I'd say he loves me most of anyone in the house. He'll snuggle up to me, he gives me lots of head rubs, and he's really happy to be stroked by me. He's generally very comfortable around me and will happily sleep by me when I'm working.

I'm the only person he's ever attacked aggressively. He's done it once before, I was lying in bed one morning next to eldest in the cot, who was 3 or 4 at the time. He'd been to see me in bed when he came in. Eldest kicked me or something so I suddenly sat up in bed and shouted out ow. He suddenly launched himself at me from behind, spitting, and sunk his claws into my back and arm hard. I don't know how I kept my composure but I turned around and spoke to him gently. I honestly felt that he hadn't realised it was me and thought I was someone else and a threat to the child, and I just needed to show him it was me and he would be ok. When he settled I got up and left for a bit, then got back into bed. When cat came back in the room he was really nervous and sniffed around the whole bedroom, and looked as if he were looking for someone else. He was ok with me from that point until yesterday.

Yesterday evening I was sat on the sofa in my usual spot, had been there all evening and he knew I was there. He'd been sat on the cat barrel and I spoke to him from my seat.
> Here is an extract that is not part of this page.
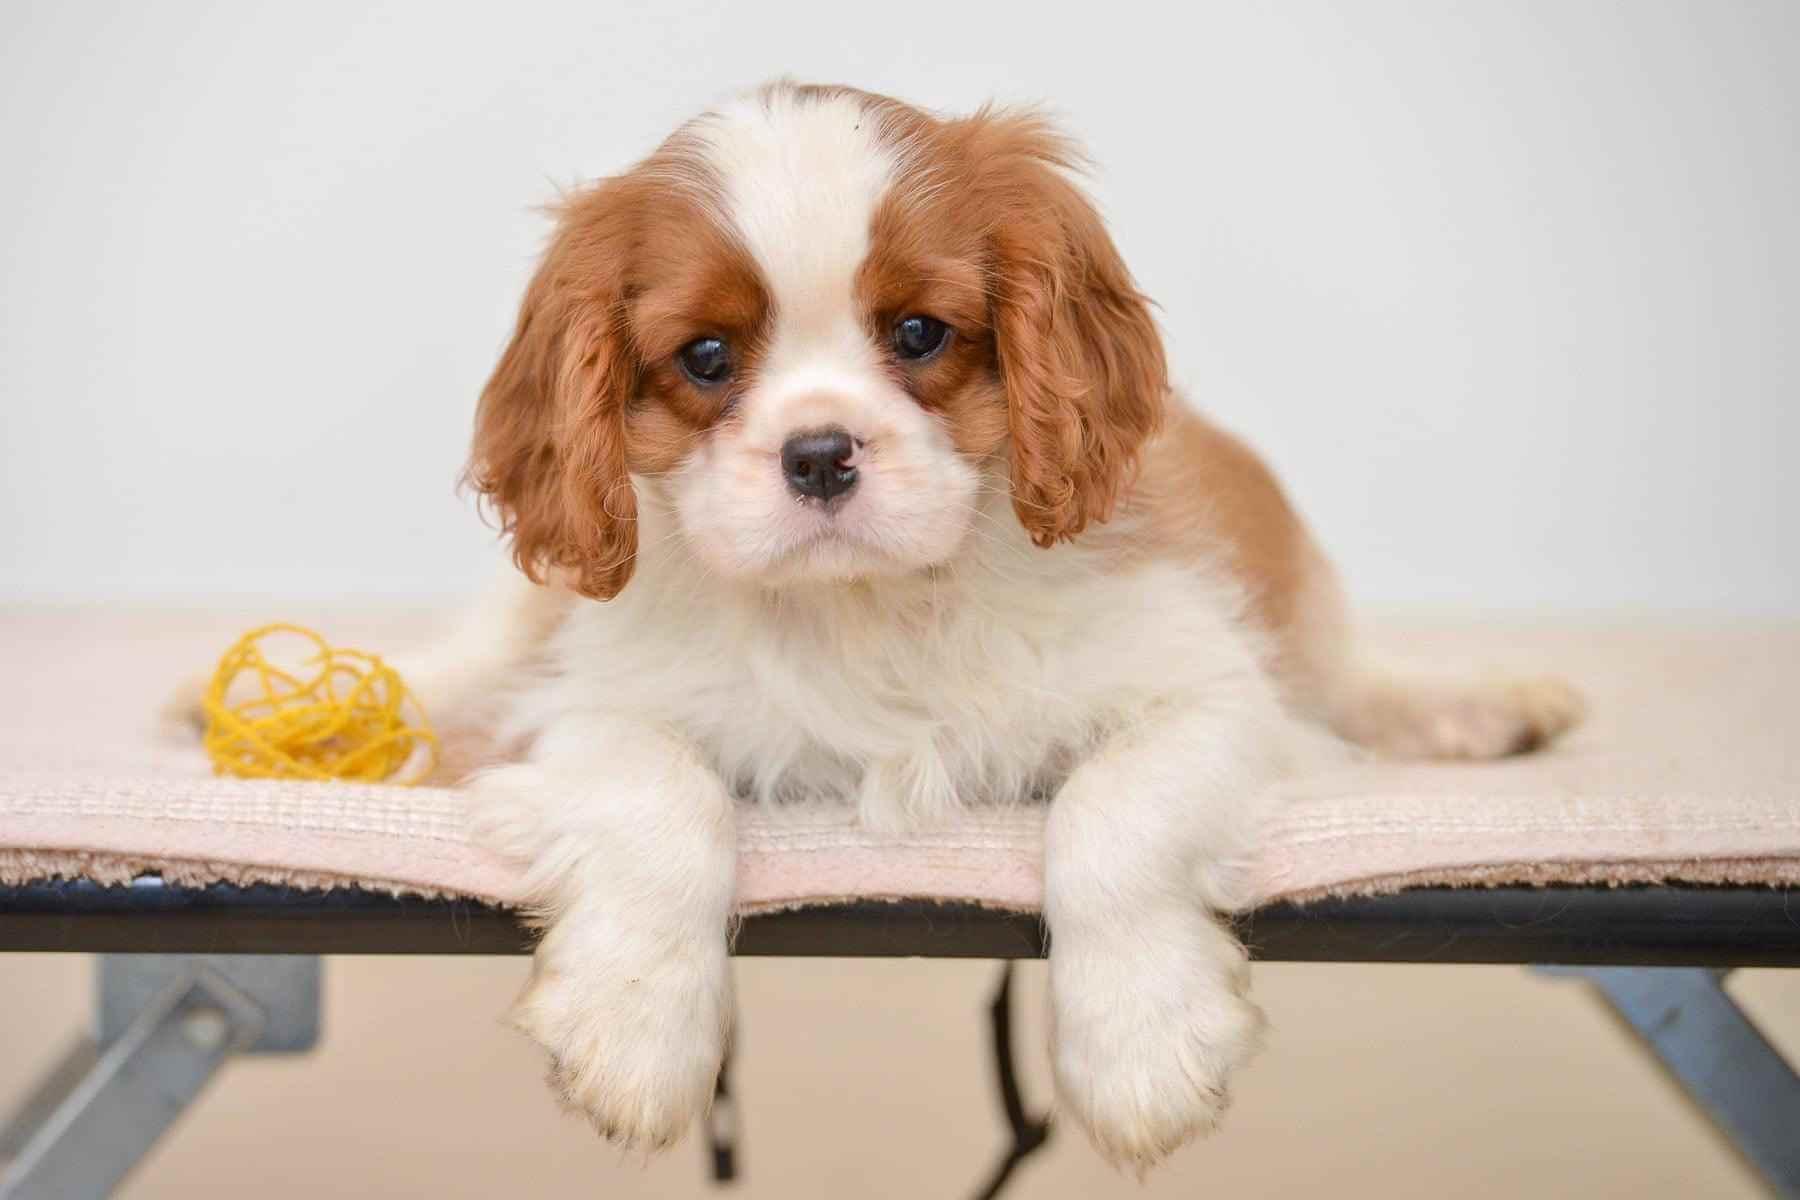 Cavalier King Charles Spaniel Puppy For Sale In Delhi Ncr Dav Pet Lovers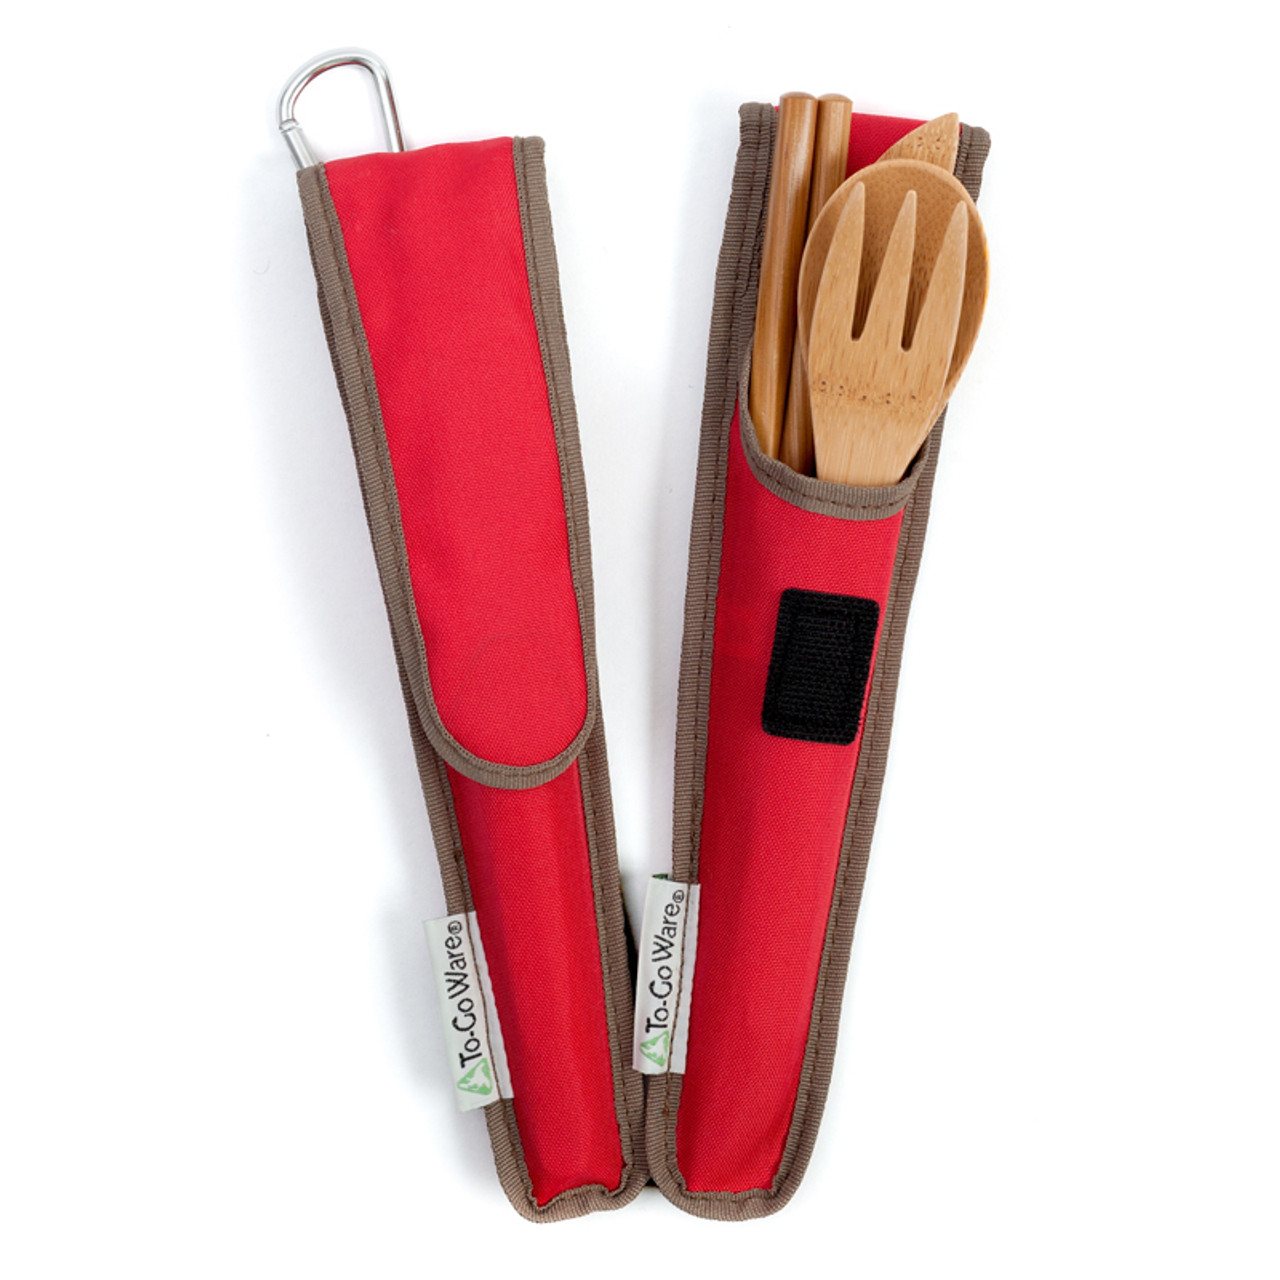 To Go Ware RePEaT Bamboo Utensil Set

Other cat was cuddled up next to me as usual, I had a blanket over me and other cat saw movement under the blanket and suddenly pounced, as cats do. I sat up and shouted ow, shooed other cat onto the floor and took the blanket off to check the new scratch on my leg. This is thankfully quite a rare occurrence, but has certainly happened numerous times over the years.

Very shortly afterwards, he got up and walked along the back of the sofa towards me, there were 3 seats and a table between us so quite far. He was quiet, and neither me nor husband paid him any attention, so he mustn't have seemed very strange. Suddenly he launched at my head, dug all his claws in and was biting. I think I pushed him off with my arm and he came at me again. I managed to get my head down and pressed my face to the sofa so he couldn't get to it. I'm not sure if he jumped to the floor or husband shooed him down. He was hissing and his tail all bushed, I stayed still and got husband to get him out and shut the door. I'm lucky he didn't get my face, my scalp bled badly and was still oozing by this morning, so I've been to the walk in clinic today and prescribed antibiotics. The wounds are quite bad and cover an area about the side of my hand on one side of my head.

When he came back in, he was really nervous again, sniffing all around. His body was low and his tail was waving. He came up to me and I held my hand down for him to sniff. He did and gave a little head rub. I just sat as still as I could and spoke to him gently, basically too scared to move. I had no idea if he would attack me again. Thankfully he didn't, and he's been his usual self with me all day today, sat on my knee and purring away.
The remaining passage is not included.